Despite being vocally anti-Castro offstage, Celia’s music remained apolitical, representing a stage in the exile community’s grief that sought comfort in preserving their chapter of Cuban history. She once said, “Emotionally, I want to go back. But never under Castro’s dictatorship. I will take the Cuba I have in my heart with me.” Songs like “Por Si Acaso No Regreso” provide aerial views of the island, illustrating that due to decades of distance, exile songs aim to connect immigrants to lost land through music and metaphor, not the people left behind. For my grandparents, leaving the country of their birth was their ultimate form of protest.

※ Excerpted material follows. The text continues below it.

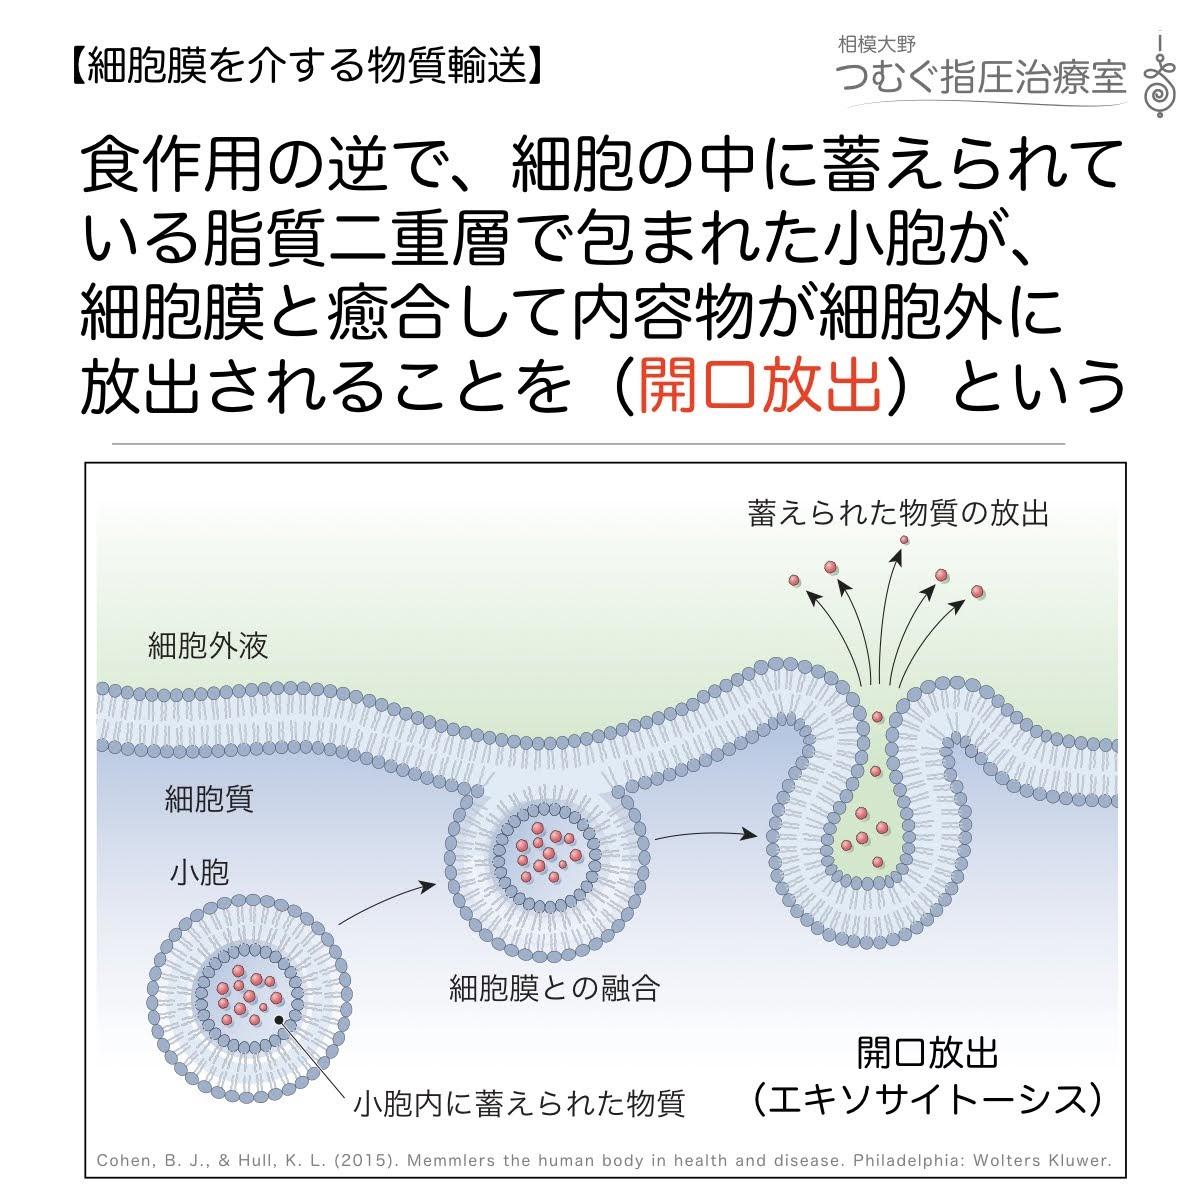 開口放出:細胞内の小胞が細胞膜と癒合し物質が放出

In Cuba, rap is el pueblo’s chosen sound for protest. Rappers like Los Aldeanos, Márquez, and Castillo expose the regime’s oppression and corruption, borrowing from American hip-hop to spit in the faces of their America-hating government. The organization of the song also captures the genre and generational gaps between Cuban exiles and younger residents, beginning with elements of bolero and flamenco, and setting up the song’s rap with the hook. Audibly, the chants of Cubans and Cuban Americans on the streets today imitate the cadence of the final repetition of “Patria y Vida.” In “Por Si Acaso No Regreso’s” coro-pregón (call-and-response), Celia repeats “The pain [of not returning] will kill me.” Cubans on the island are ready to accept this fate too — but they’ll die trying.
In a guest spot on “Patria y Vida,” Castillo imagines the signing of a musical constitution where a new revolution belonging to his generation is initiated with his “firma,” his signature. The song’s chorus declares, with unfailing authority, the beginning of the regime’s end. Months after its initial release, we can see how music, and specifically “Patria y Vida,” has physically and emotionally moved the Cuban people. Its prospective vision of a liberated Cuba has helped Cubans manage their fear to assert a new future for themselves. Not to live free or die, but to live free. Punto y aparte.